The fall of the stock market that began in April 2000 was the beginning of a political crisis of the relation of capital and cognitive labour. Many different factors provoked this rupture. First of all, the collapse of the psychic and social energies of cognitive labour: overexploitation, the acceleration of life rhythms, the 24h long working day of mobile phone workers, depression, the excessive use of stimulant drugs to sustain the pace of hyper-labour have lead the cognitive labourer into a depressive phase. The collapse came from inside. At the same time, the monopolistic attack against the army of dotcom, the front of cognitive labourers and the free market occurred. The imposition of limits on experimentation, the imposition of monopolistic standards, the alliance between monopolies and political power have taken the breath away from the diffuse economy. Then the monopolistic counterrevolution began and the conditions for a shift from the network economy to the war economy were created. The new economy had witnessed the flourishing of a process of self-organisation of cognitive labour in the form of the enterprise, but in the same years a predatory lumpen-bourgeoisie emerged to take advantage of the crisis of traditional capitalist rules in order to appropriate for itself enormous shares of the social capital, as all the post-Enron collapse cases demonstrated. Neo-liberalism in the long run has not favoured free market but monopoly.

At this stage, almost miraculously, whilst the crisis precipitated and was taking away all credibility and power of the groups linked to the Bush administration, those airplanes fell from the sky and gave birth to an era of unlimited violence, an era when power, lost all legitimacy, legitimates itself through war. But in war, perspectives are redefined.
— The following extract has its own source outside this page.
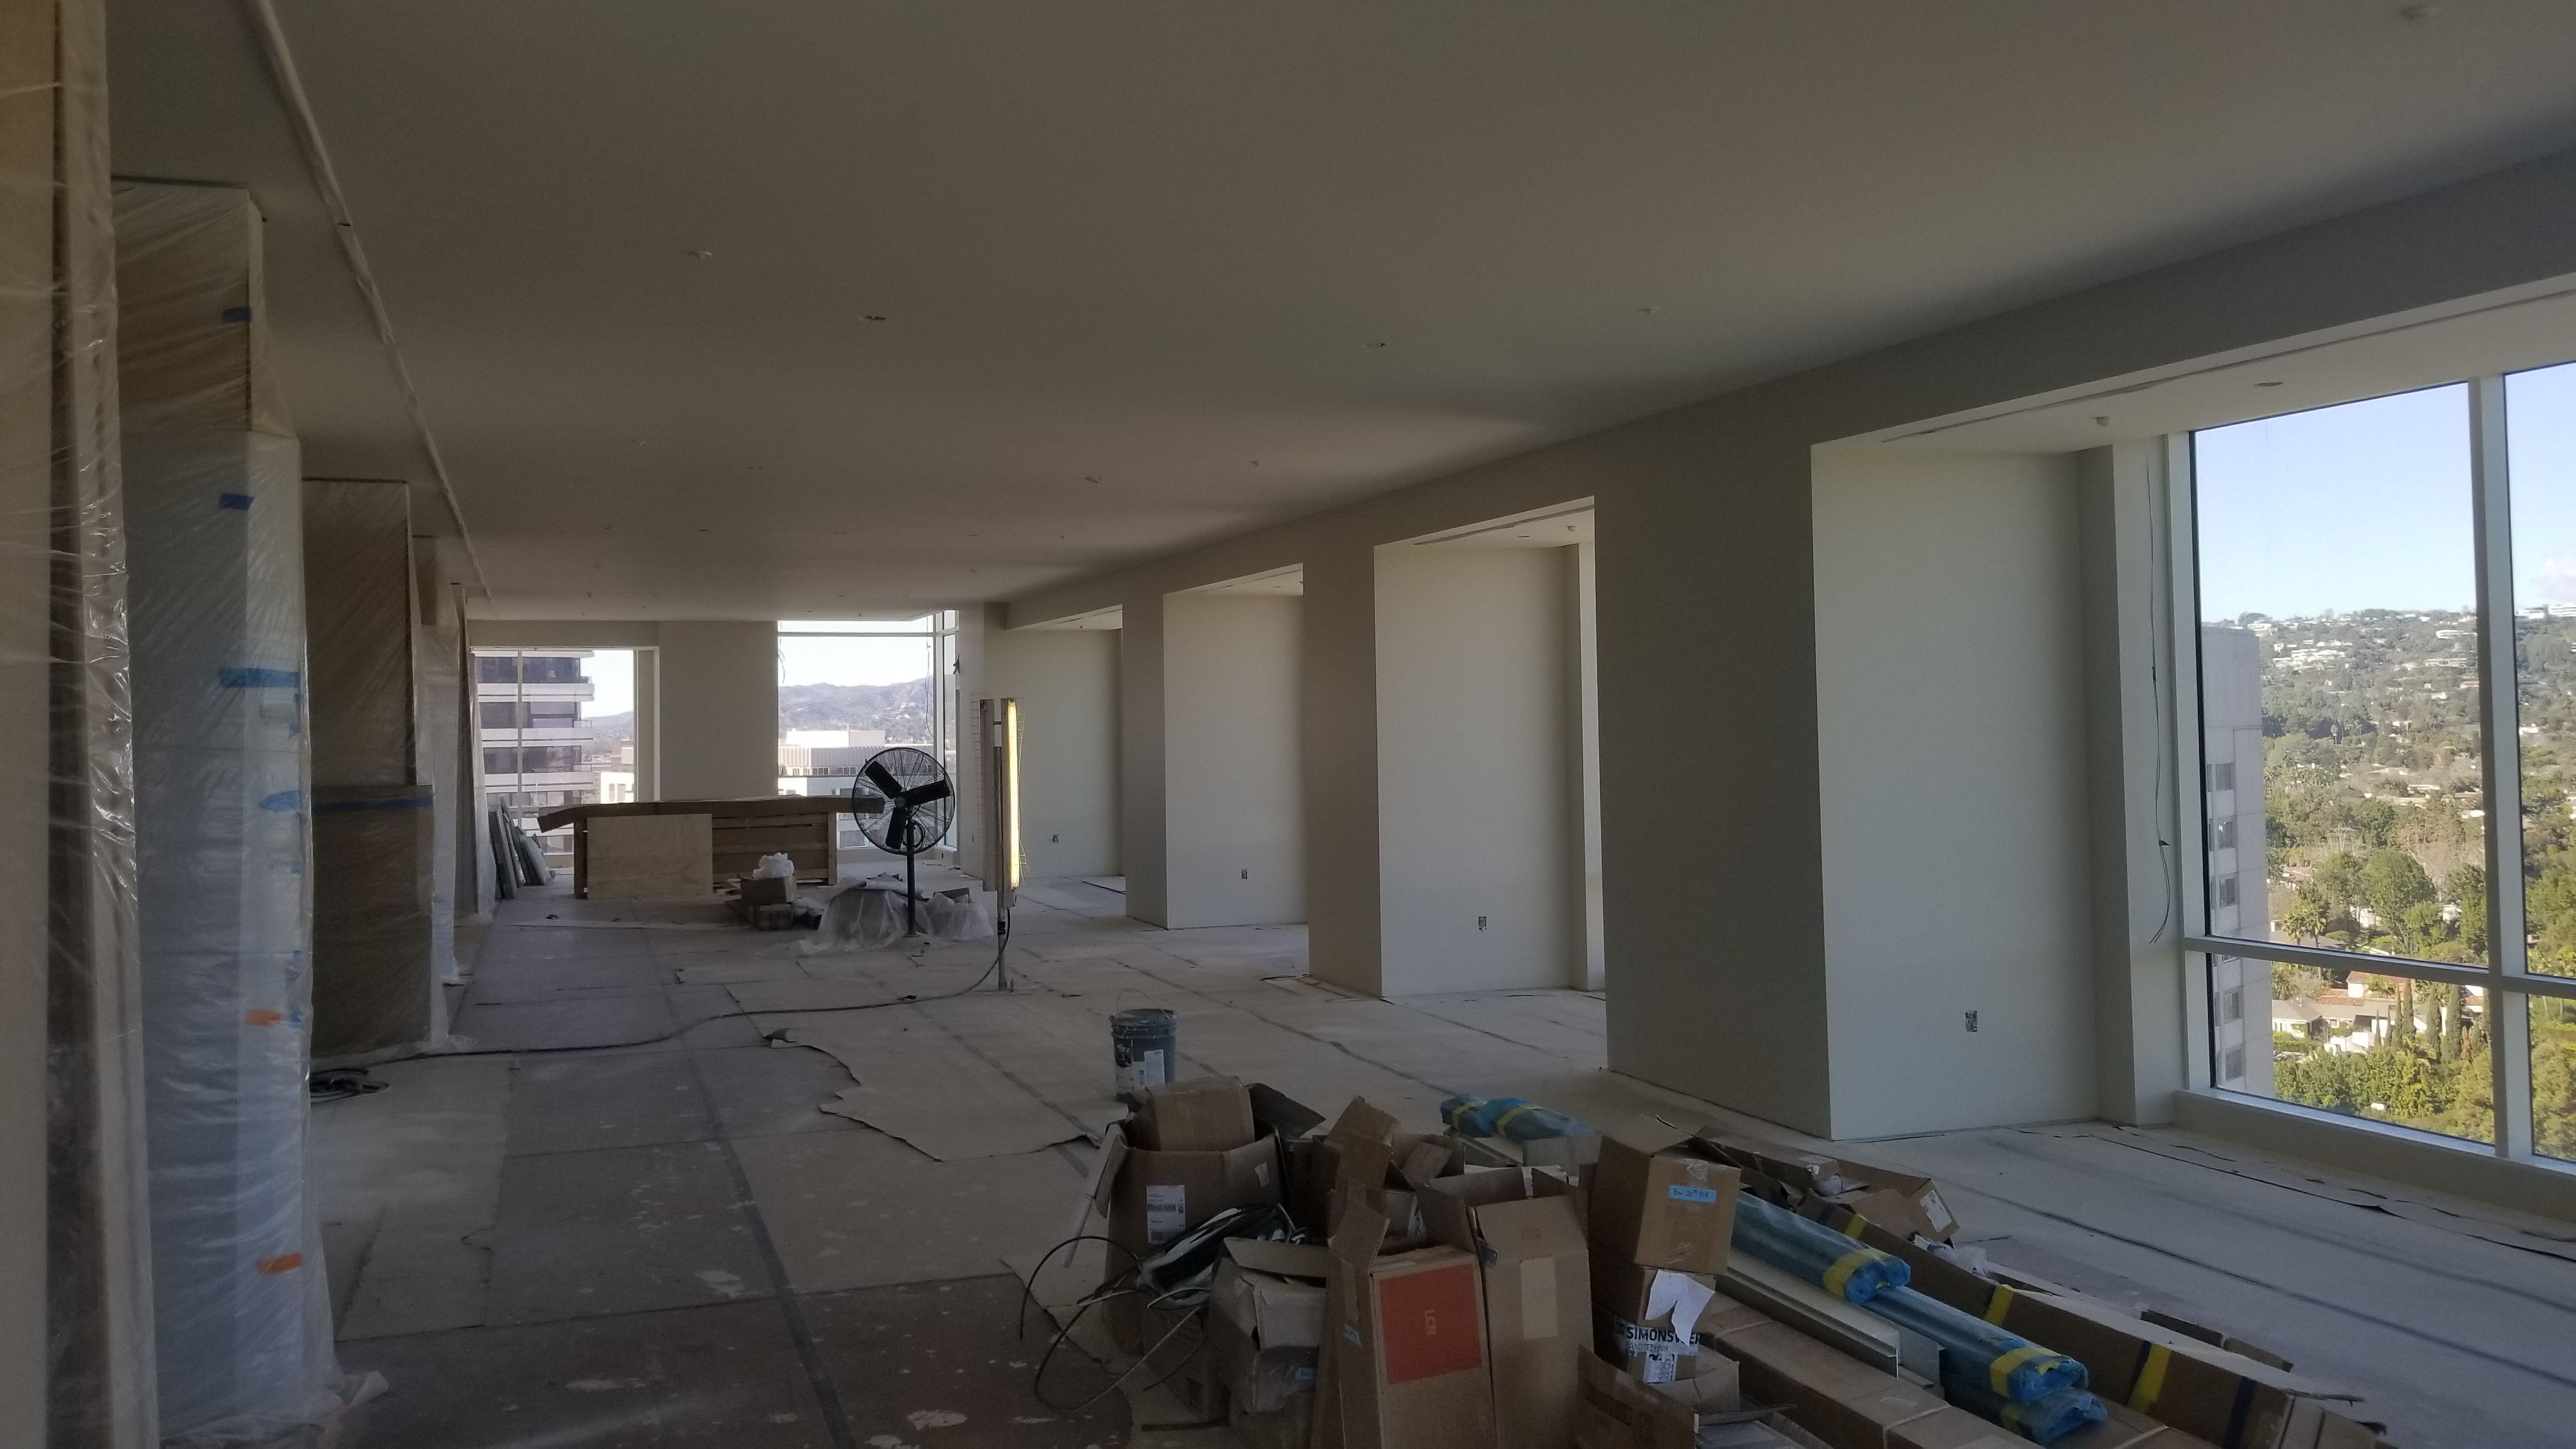 Image of Residential Drywall Construction, Sierra Drywall Inc, Residential Drywall Contractors

Nazi-liberal aggressive capitalism evoked the spectre of the war to defend its vacillating power, but in the course of this war, which is unacceptable for the conscience and life style of the great majority of the western population, anything could happen. Above all, what could happen is that cognitive labour starts giving an organised and self-conscious form to its internal break. The problem Weiszacker talks about is urgent today: is it possible to have a self-organisation of scientists that is founded on the autonomy of science from power? This is no longer a concern for a small group of nuclear physicists, but for millions and millions of workers in science and technology, in administration, in education and therapy.

The pacific army of the cognitariat holds the key to deconstruct the chain of automatisms in which capitalism fortressed itself.